* [Activity]:
From the first line to the last, return the data exactly as it stands.

=== Section Start ===

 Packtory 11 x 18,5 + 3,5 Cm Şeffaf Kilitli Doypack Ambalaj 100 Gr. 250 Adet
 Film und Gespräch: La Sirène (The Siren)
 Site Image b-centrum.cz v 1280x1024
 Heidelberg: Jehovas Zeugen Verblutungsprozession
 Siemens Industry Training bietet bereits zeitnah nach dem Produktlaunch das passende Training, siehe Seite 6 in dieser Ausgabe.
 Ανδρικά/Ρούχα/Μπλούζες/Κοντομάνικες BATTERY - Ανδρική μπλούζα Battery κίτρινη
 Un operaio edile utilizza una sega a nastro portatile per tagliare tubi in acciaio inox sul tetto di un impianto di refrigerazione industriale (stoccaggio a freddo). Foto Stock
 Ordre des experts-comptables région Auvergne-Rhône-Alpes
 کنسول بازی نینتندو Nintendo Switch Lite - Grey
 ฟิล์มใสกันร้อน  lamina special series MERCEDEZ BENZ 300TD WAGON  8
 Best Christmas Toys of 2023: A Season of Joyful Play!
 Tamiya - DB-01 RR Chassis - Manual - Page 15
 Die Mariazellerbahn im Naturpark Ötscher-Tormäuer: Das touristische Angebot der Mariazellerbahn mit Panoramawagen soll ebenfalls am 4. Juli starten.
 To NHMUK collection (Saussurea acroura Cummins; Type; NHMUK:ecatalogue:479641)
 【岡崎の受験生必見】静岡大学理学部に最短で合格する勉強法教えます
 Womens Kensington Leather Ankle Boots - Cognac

=== Section End ===

* [Completed exercise]:
 Packtory 11 x 18,5 + 3,5 Cm Şeffaf Kilitli Doypack Ambalaj 100 Gr. 250 Adet
 Film und Gespräch: La Sirène (The Siren)
 Site Image b-centrum.cz v 1280x1024
 Heidelberg: Jehovas Zeugen Verblutungsprozession
 Siemens Industry Training bietet bereits zeitnah nach dem Produktlaunch das passende Training, siehe Seite 6 in dieser Ausgabe.
 Ανδρικά/Ρούχα/Μπλούζες/Κοντομάνικες BATTERY - Ανδρική μπλούζα Battery κίτρινη
 Un operaio edile utilizza una sega a nastro portatile per tagliare tubi in acciaio inox sul tetto di un impianto di refrigerazione industriale (stoccaggio a freddo). Foto Stock
 Ordre des experts-comptables région Auvergne-Rhône-Alpes
 کنسول بازی نینتندو Nintendo Switch Lite - Grey
 ฟิล์มใสกันร้อน  lamina special series MERCEDEZ BENZ 300TD WAGON  8
 Best Christmas Toys of 2023: A Season of Joyful Play!
 Tamiya - DB-01 RR Chassis - Manual - Page 15
 Die Mariazellerbahn im Naturpark Ötscher-Tormäuer: Das touristische Angebot der Mariazellerbahn mit Panoramawagen soll ebenfalls am 4. Juli starten.
 To NHMUK collection (Saussurea acroura Cummins; Type; NHMUK:ecatalogue:479641)
 【岡崎の受験生必見】静岡大学理学部に最短で合格する勉強法教えます
 Womens Kensington Leather Ankle Boots - Cognac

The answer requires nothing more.